The petitioner is a fiduciary as administrator c.t.a. of the Estate of Effie Kells Jones, deceased, by appointment of the Bergen County Surrogate’s Office, State of New Jersey, under date of December 6, 1965. Petitioner, at the time of filing the petition herein, had its principal office in Ridgewood, N.J. The Federal estate tax return was filed with the district director of internal revenue, Newark, N.J., on January 19,1967.

Effie Kells Jones (hereinafter the decedent) married J. Morgan Jones in 1932. At that time, the decedent was 46 years of age, and her husband was 55 years of age. Each had been married previously and each had one child of the prior marriage. J. Morgan Jones’ child, Emma Louise Rector, was already married in 1932 and bore children in 1935 and 1938.

J. Morgan Jones executed a will on April 29,1940. The will provided for a testamentary trust in which the decedent and his daughter were given successive life estates. At his daughter’s death, the trust principal was to be distributed to the surviving issue of his daughter or if there were no such issue then according to the terms of his daughter’s will.
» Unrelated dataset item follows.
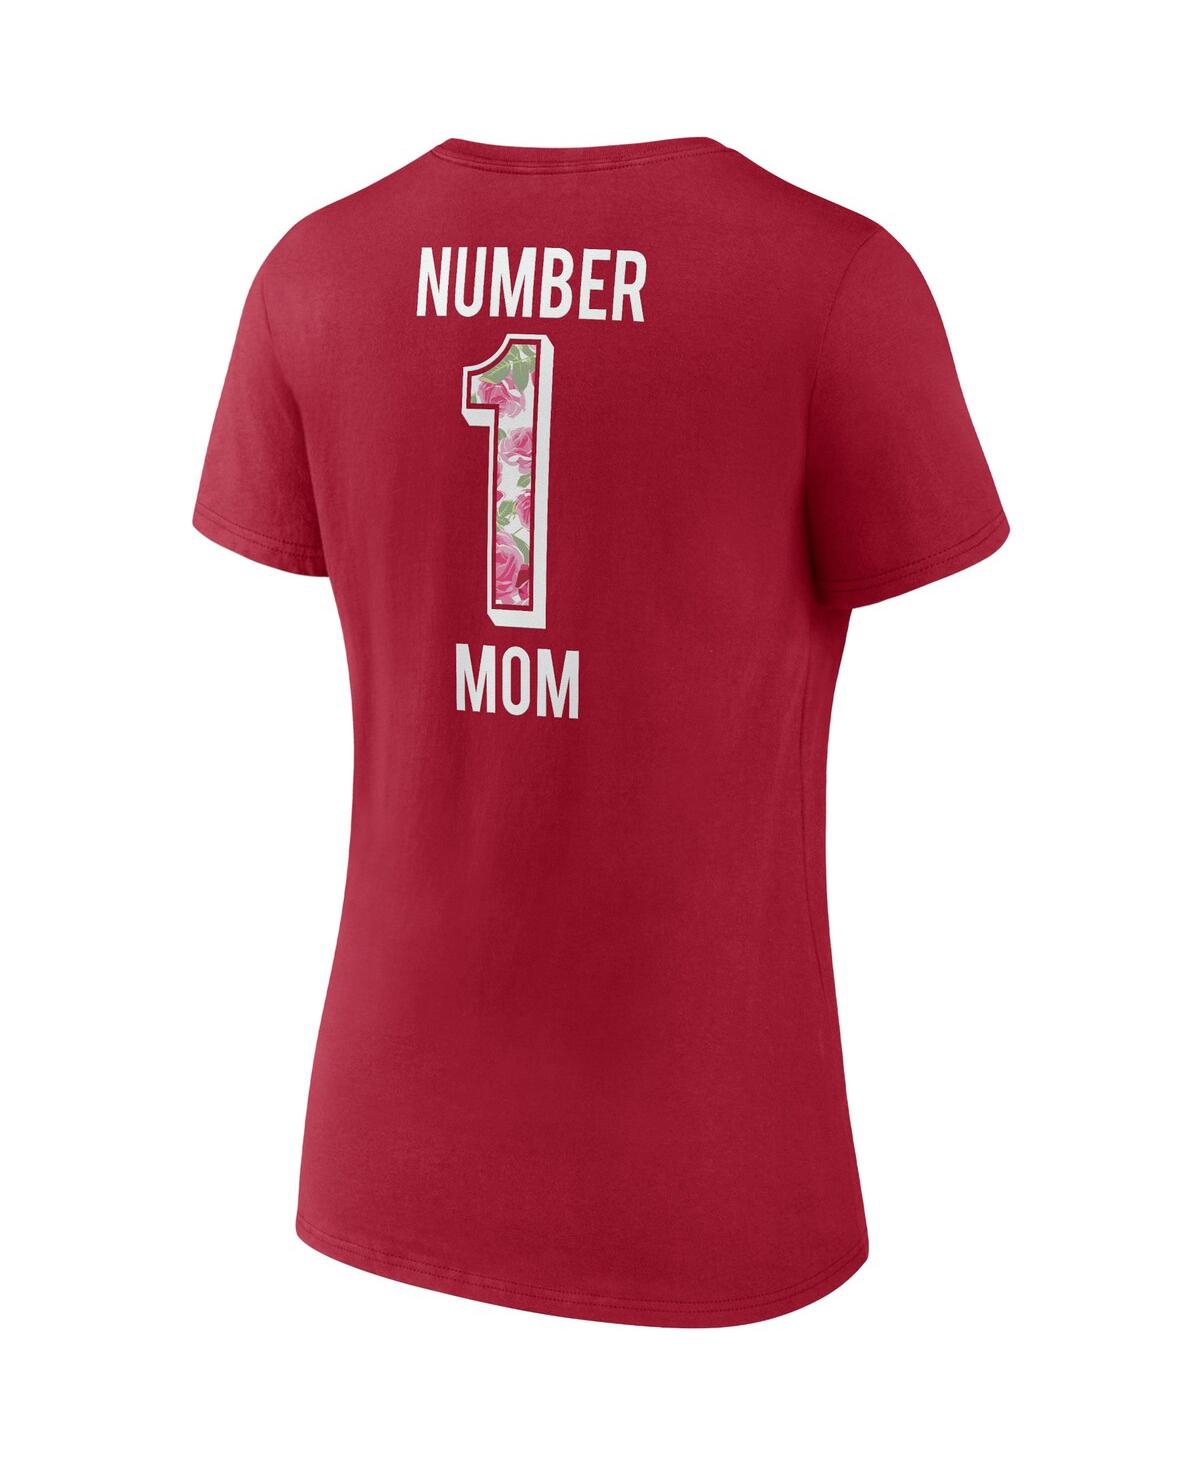 Women's Fanatics Branded Red Washington Nationals Mother's Day V-Neck T-Shirt Size: Small
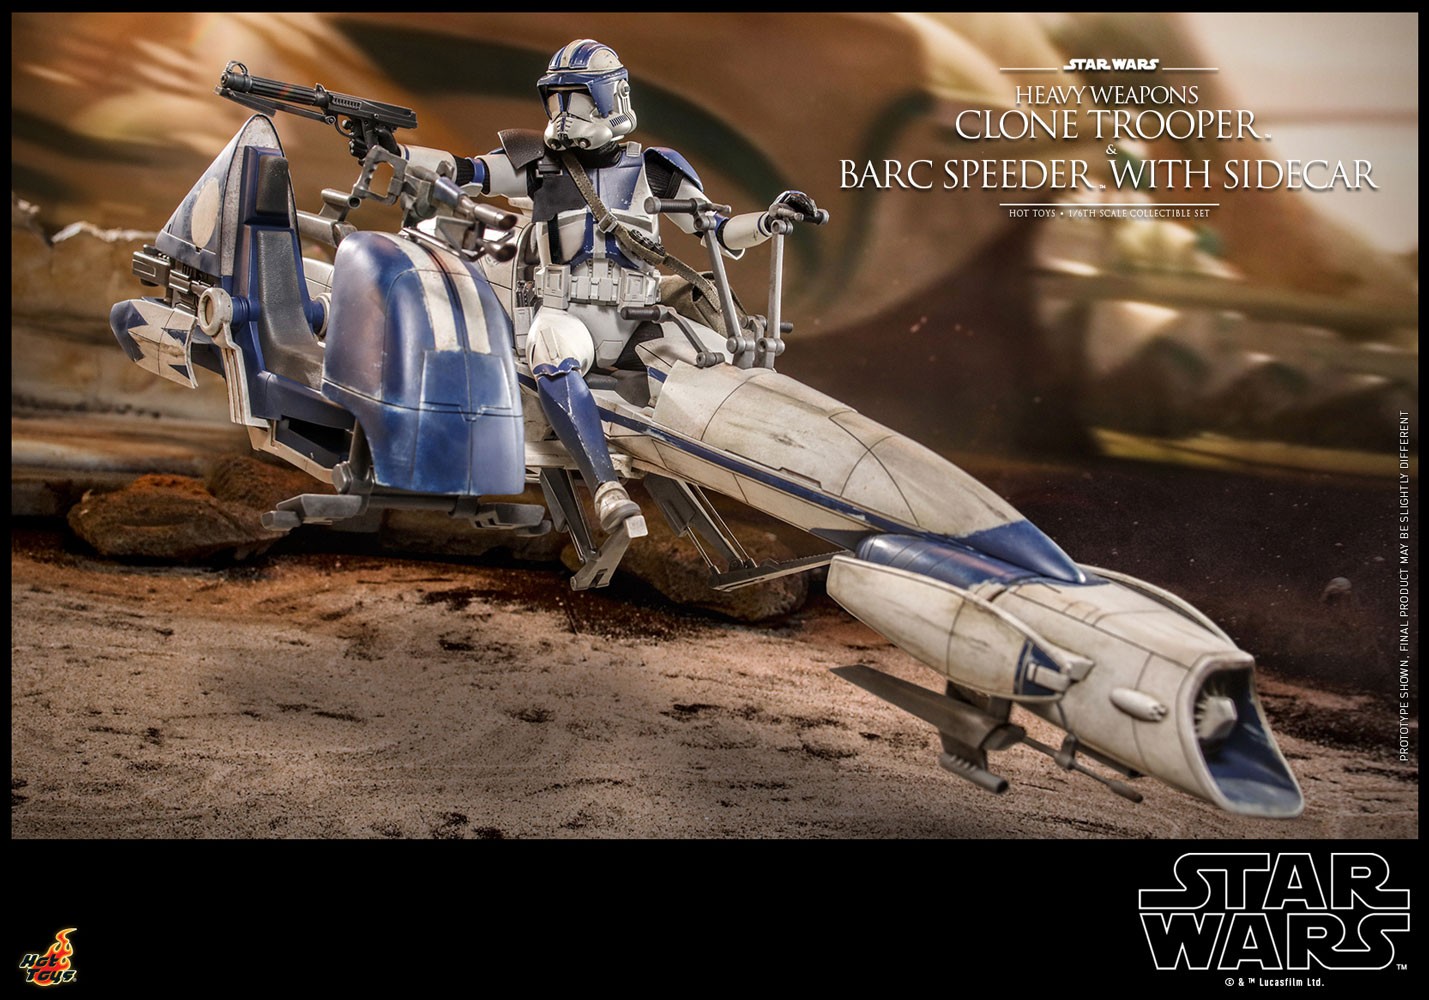 Heavy Weapons Clone Trooper and BARC Speeder with Sidecar

Article Sixth of the will provided, in part:

SIXTH: I give, devise and bequeath to my executors and trustees hereinafter named, all the rest, residue and remainder of my estate, real and personal, of whatever nature and wheresoever situate, including therein any property real and personal, over which I may have power of appointment by will, to collect, recover, receive and take possession thereof, to manage, control, administer, invest and reinvest the same and to receive, collect and recover the income thereon, and to hold and/or dispose of the principal thereof, and the income thereon according to the following terms and conditions and upon the following trusts:
(a) If my said wife, Effie K. Jones, survive me, to pay to her the net income of my residuary estate or of the trust thereof during her lifetime.
(b) If my said wife, Effie K. Jones,- survive me, I authorize and empower my executors during the period of their executorship and my trustees thereafter, in eases of emergency or in situations affecting her care, maintenance, health, welfare and well-being to pay over to my said wife (in addition to the said income payments) part or all of the principal of my residuary estate or of the trust thereof, or to use and apply part or all of the principal of my residuary estate, or of the trust thereof, for such purposes.jThe judgment and discretion of my executors or trustees as to what constitutes an emergency or any such situation, and as to the continuation of any emergency or any such situation and as to how much of the principal of my residuary estate or the trust hereof shall be paid or used therein and to whom it shall be paid and as to how it shall be used and applied and the purposes for which it shall be paid, used or applied, shall be final and conclusive and not subject to inquiry or attack in any court, jurisdiction or proceeding and shall be binding upon all those who shall have or may become entitled to any right, title or interest in or to my said residuary estate or the trust thereof, including any who may be minors or under other legal incapacity or not in being.
In the event of any such payment or use of principal, there shall not be any obligation to refund or reimburse the principal out of the income of my residuary estate or the trust thereof. My corporate executor or trustee shall not be under any duty to see to the application of any moneys so paid to my said wife.
(c) Upon the death of my said wife Effie K. Jones, or upon my death if my said wife Effie K. Jones predecease me, and if my said daughter Emma Louise Hector be then living, to pay to my said daughter Emma Louise Rector during her lifetime the net income of my residuary estate or of the trust thereof or of so much of my residuary estate or of the trust thereof as may then remain.
(d) Upon the death of my said wife, Effie K. Jones or upon my death, if my said wife Effie K. Jones predecease me, and if my said daughter Emma Louise Rector be then living, I authorize and empower my executors during the period of their executorship and my trustees thereafter, in cases of emergency or in situations affecting her care, maintenance, health and welfare and well-being to pay over to my said daughter (in addition to the said income payments) part or all of the principal of my residuary estate or of the trust thereof, or to use and apply part or all of the principal of my residuary estate, or of the trust thereof, for such purposes. * * *

Article Tenth of the will provided, in part:

TENTH: I nominate, constitute and appoint my wife, Effie K. Jones and Commercial Trust Company of New Jersey, a corporation of the State of New Jersey, having its principal office at 15 Exchange Place, Jersey City, New Jersey, Executors of and Trustees under this will.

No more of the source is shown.